By most measures, the credit union difference aligns beautifully with the priorities of younger Americans. This includes a preference to engage with community-oriented businesses and a focus on financial wellness.
Industry metrics paint a more challenging picture, however. The average age of a credit union member is higher than a typical bank customer’s, and a Filene Research Institute study finds that over the past two decades, the median age of a credit union member has risen from 42 to 52.
Whether the issue is rooted in messaging, marketing reach, or service offerings, it’s clear that action is necessary. That’s particularly true as the next generation progresses into its peak earning years and ponders the financing of home purchases and their children’s educations, and many become recipients of the great wealth transfer.
A growing number of credit unions are taking conscious steps to attract and engage a younger member demographic. “Younger” is a subjective term, and research reveals the perils of approaching even a cohort such as Generation Z as a single, monolithic group.
This article focuses on solutions geared toward the under-35 segment. However, any initiatives increasing the inflow of members below today’s median age are likely to bear fruit.
A common theme emerges among fintechs focused on this space. Each of the three startups featured here began by pursuing a direct-to-consumer model.
Each soon pivoted its approach, however, upon learning more about the credit union ecosystem and the clear alignment of mission.

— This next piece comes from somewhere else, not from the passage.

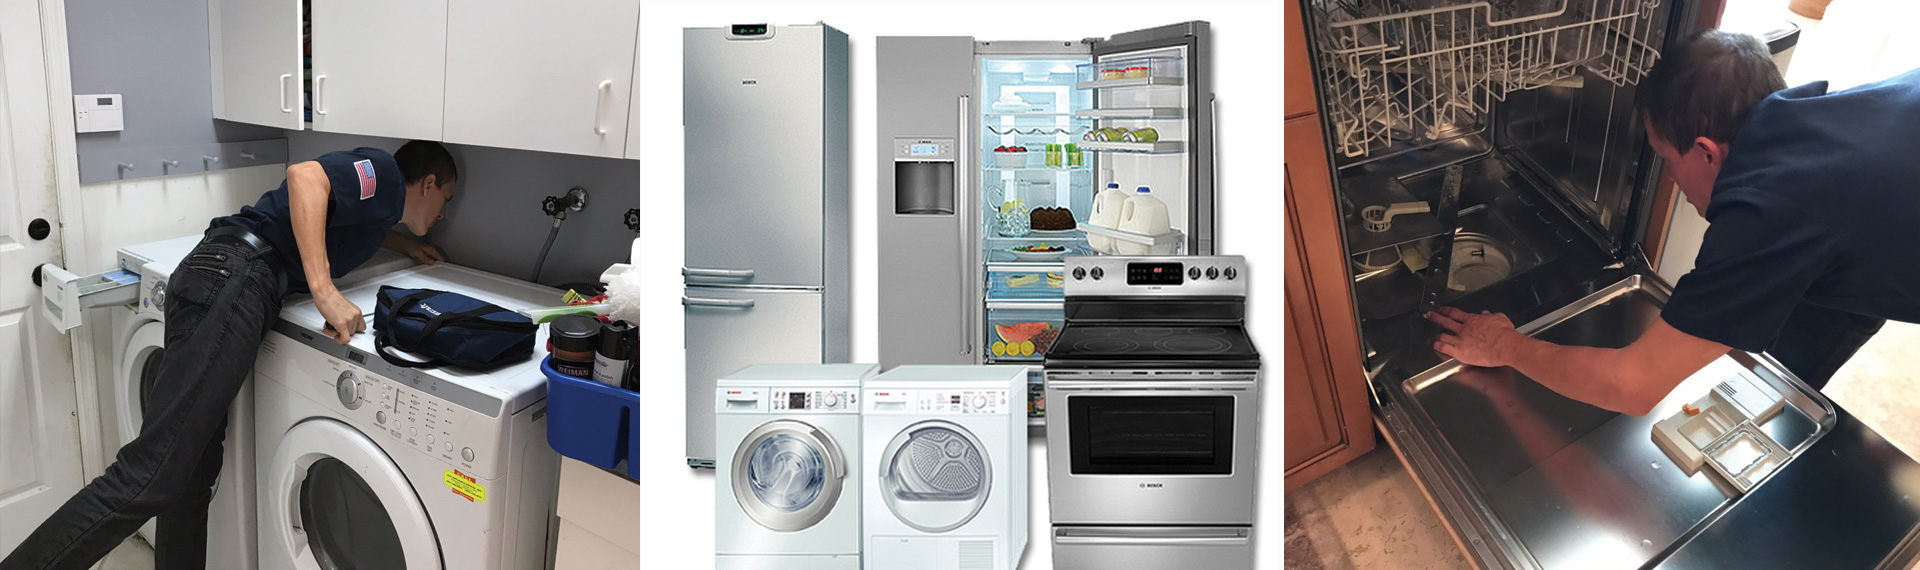 1A Appliance Service Delray Beach FL

All three now partner with credit unions as their primary distribution channel.
Harrison Hochman started Sparrow during the pandemic based on a pair of core principles: earn consumers’ trust rather than purchasing their loyalty, and solidify a relationship during their most impressionable years.
Sparrow’s vehicle for achieving these goals is a credit union-hosted marketplace for student lending.

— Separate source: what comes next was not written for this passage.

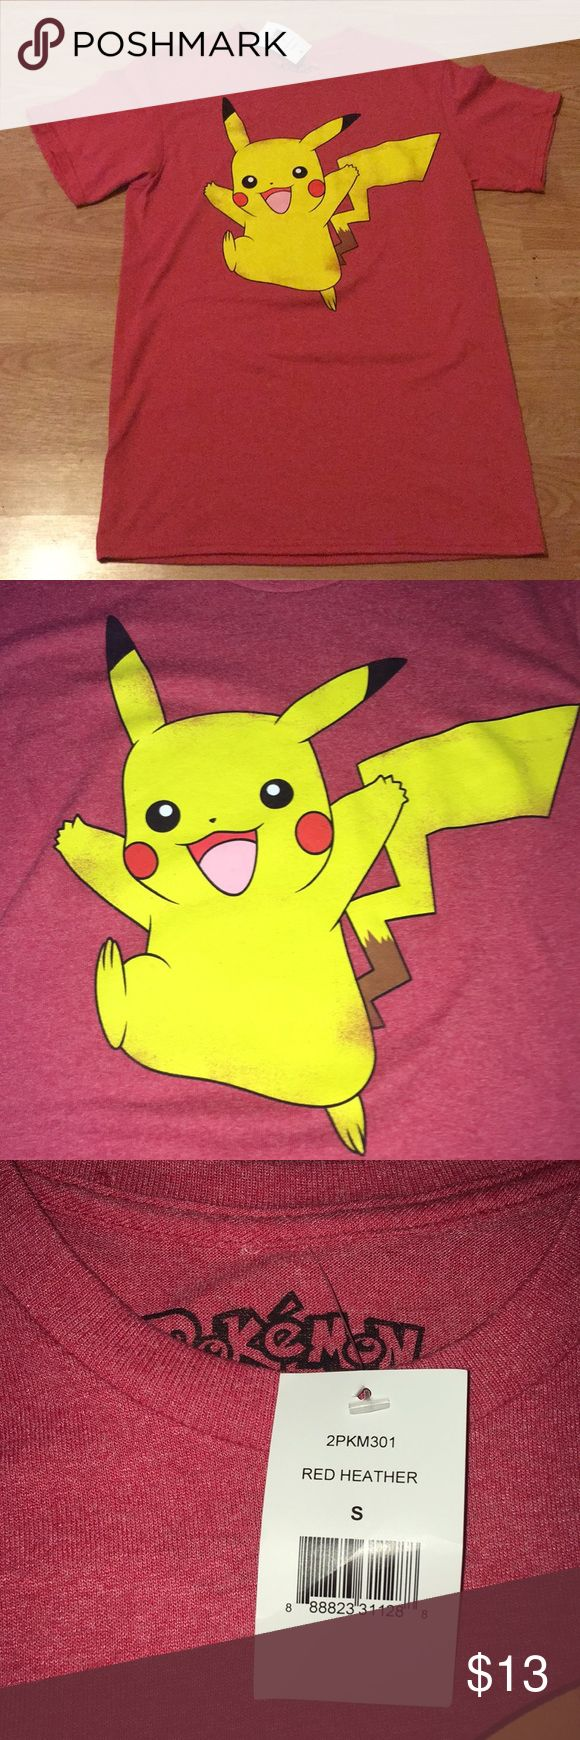 BNWT Pokémon Picachu T-Shirt BNWT  Never worn Pokemon Shirts

“Once someone gets to the age where they fall within a typical credit union’s core competency, it’s already too late to try to attract them from other financial institutions,” says Hochman. “If a credit union doesn’t provide constancy of value during those impressionable college years, they’re implicitly opening the door for others.”
Hochman equates the borrower experience on Sparrow as “an Expedia for student loans.” The difference on the lender side is dramatic, however, compared to the travel platform’s disintermediating practice of holding providers at arm’s length.

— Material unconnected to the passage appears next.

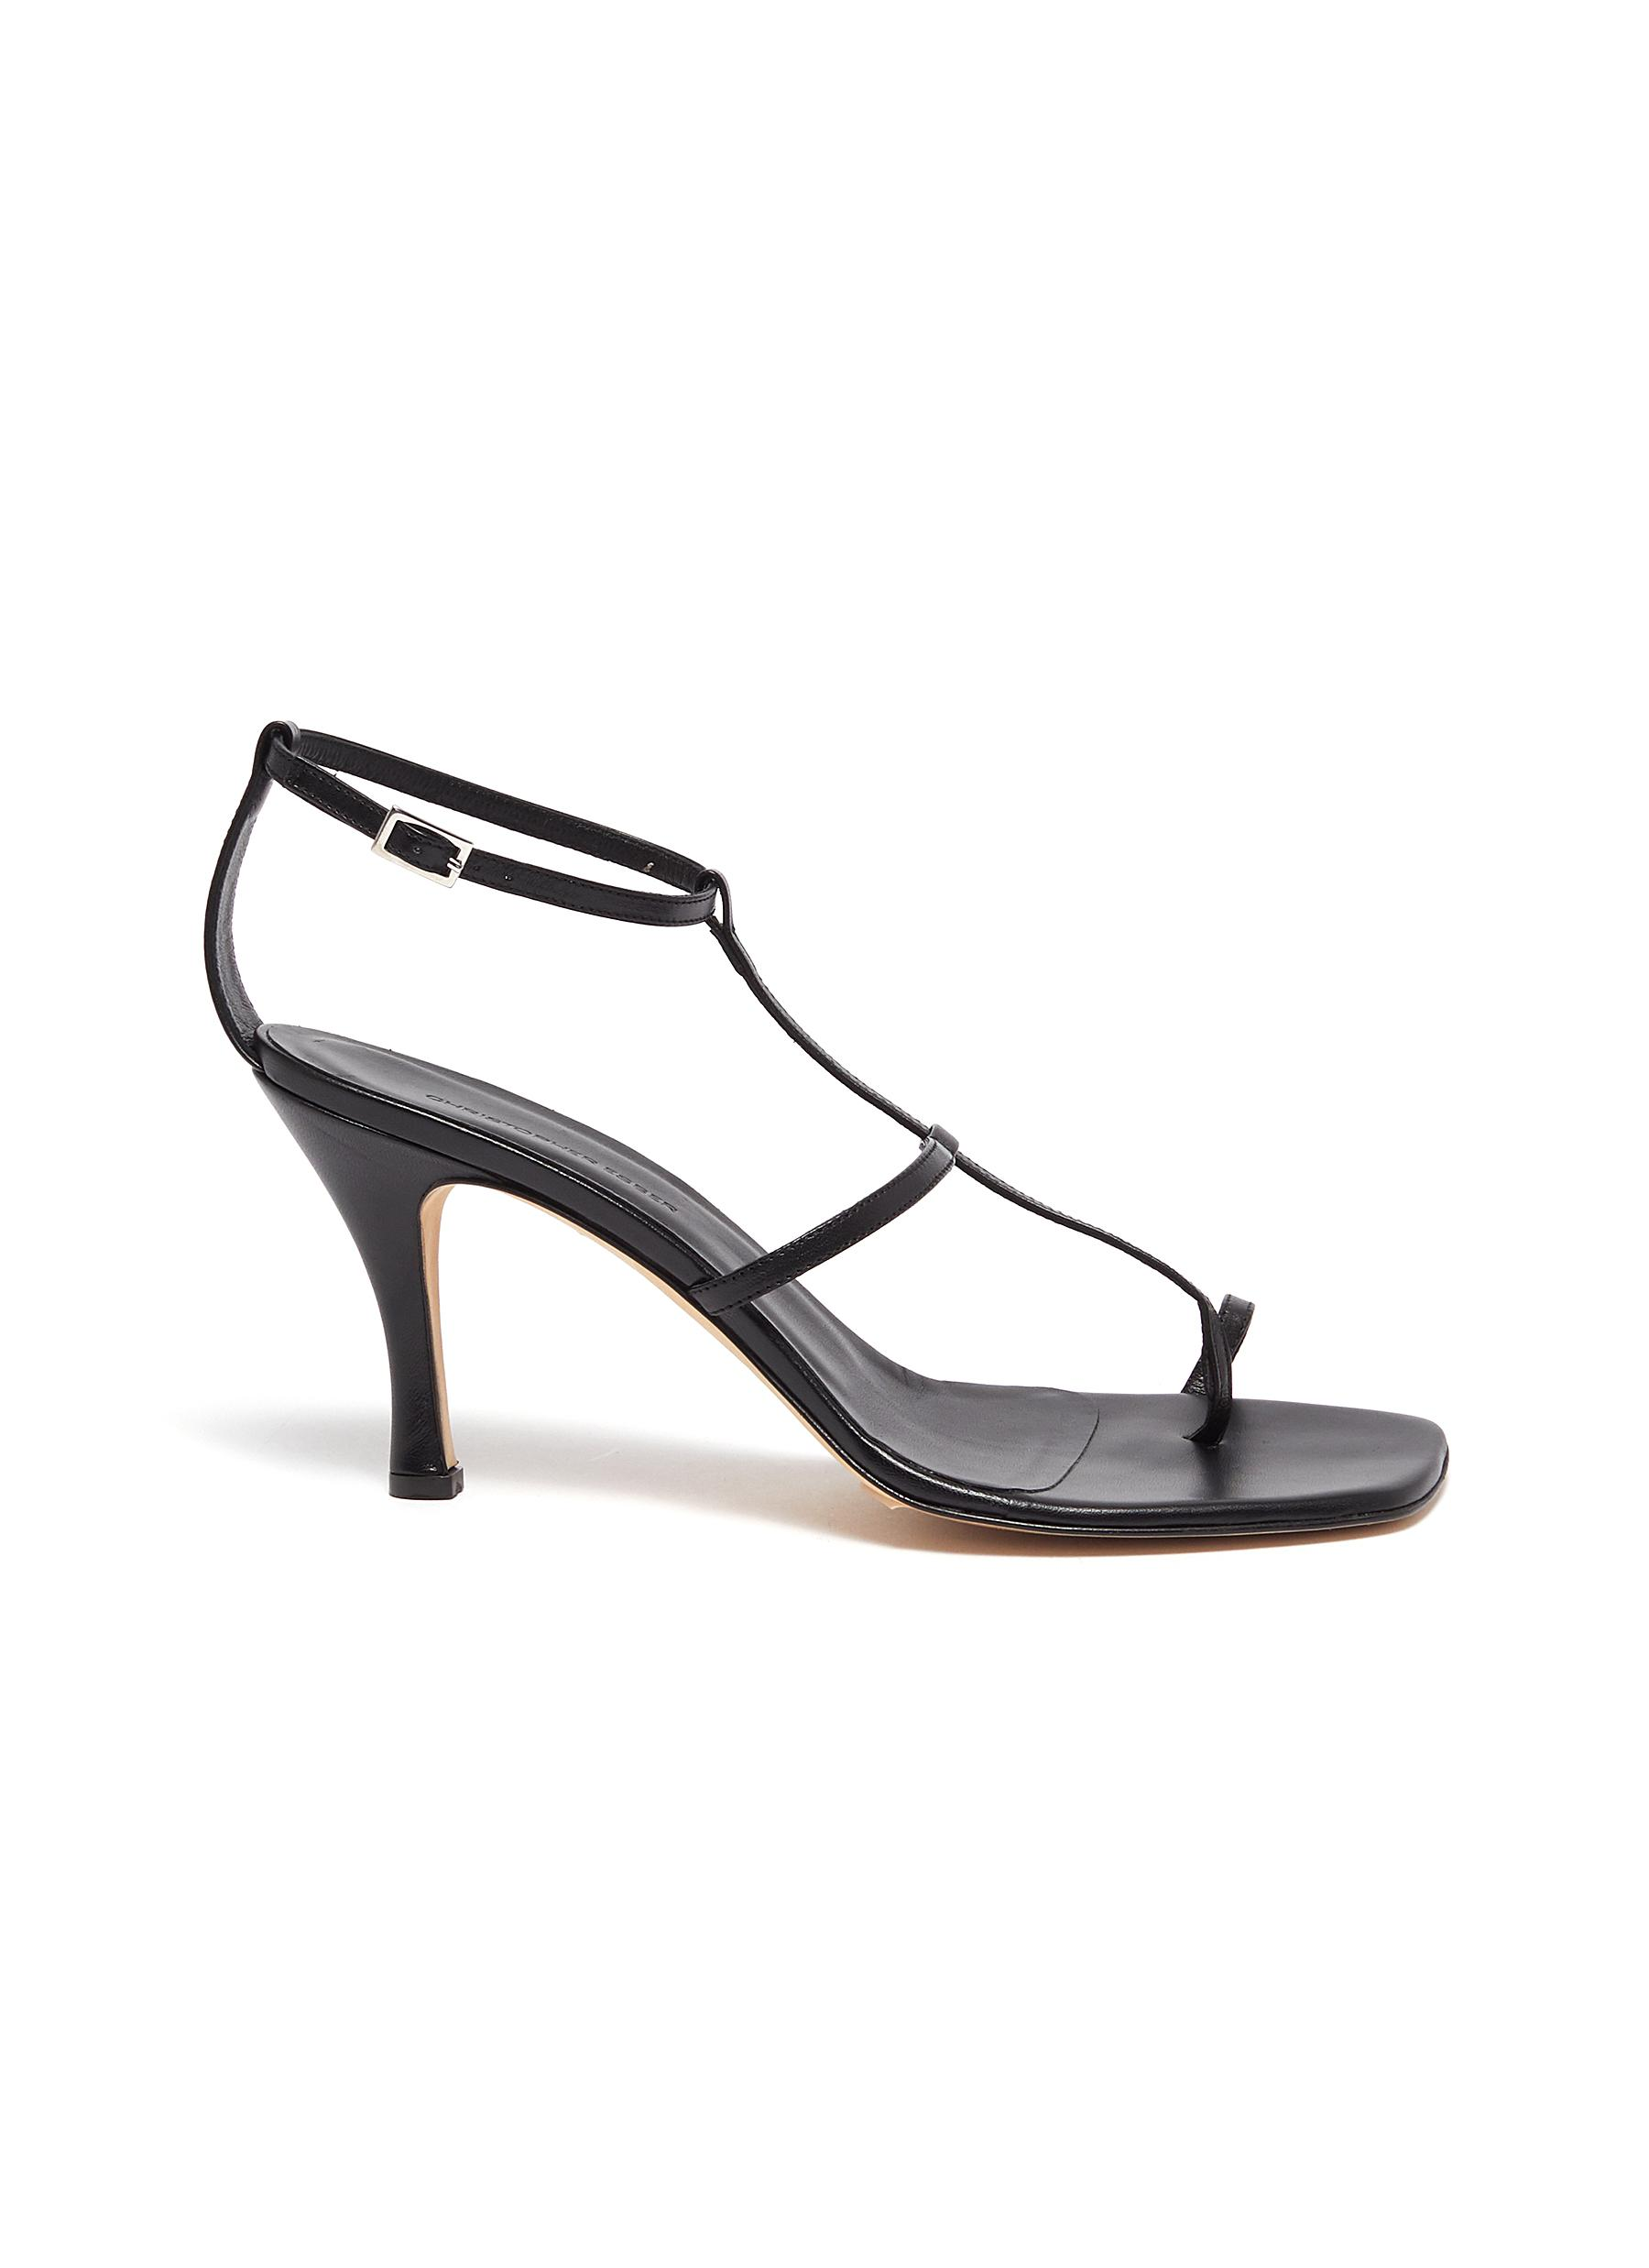 Christopher Esber High Heels Rubik strappy sandals

Sparrow’s heuristics map the prospective borrower to available lenders. If the hosting credit union wishes to fund the loan, a right of first refusal can be programmed in.
Hochman says few of Sparrow’s more than 60 partners actually originate student loans. Of the twenty lenders currently on the platform, 16 are nondepository institutions such as state agencies.
“I imagine that over time our partners will become more comfortable with the asset class, but we don’t require it,” he says.
All In Credit Union in Daleville, Ala., recently deployed Sparrow as a student debt refinancing tool.
“Our board has concerns about the inherent credit risk of adding student loans to our portfolio, but we want to help our members get a better deal,” says Todd Peeples, senior vice president of sales and lending administration at the $3 billion asset credit union. “We like the options Sparrow provides to borrowers, offering various scenarios in term, etc.”
All In is advertising the enhanced refinancing capability in the community in addition to promoting directly to members. The tool is available to nonmembers on the website with no login required.
“Sparrow sends us activity data, which we can use to reach out and convert new members,” says Peeples.
“The value we provide credit unions isn’t necessarily a student loan,” Hochman says.
Sparrow identifies ideal cross-sell prospects, young consumers with no banking loyalty, and those with limited credit or income, he says. “You’re solving for their most important financial problem to date,” not to mention potentially delighting a parent who may or may not be a member.
Although loan payments are made to the lender or servicer, Hochman contends borrowers will return to the credit union for future needs. “Without redoing all the work, they come back to where the data resides.”
The credit union also gains the opportunity to foster the relationship with ongoing communication, whether financial tips or additional offers.
Sparrow, the winner of VentureTech’s 2023 pitch competition, has generated $1 billion of prequalification volume to date; 70% from nonmembers. In addition to credit unions, Sparrow distributes its service through “media companies” like U.S. News’ Top Colleges website.
In terms of measurable near-term return on investment, credit union partners receive 100% of loan origination fees as a pass through. “But that’s the cherry on top,” says Hochman. “We consider that the third priority, after new members and deeper relationships.”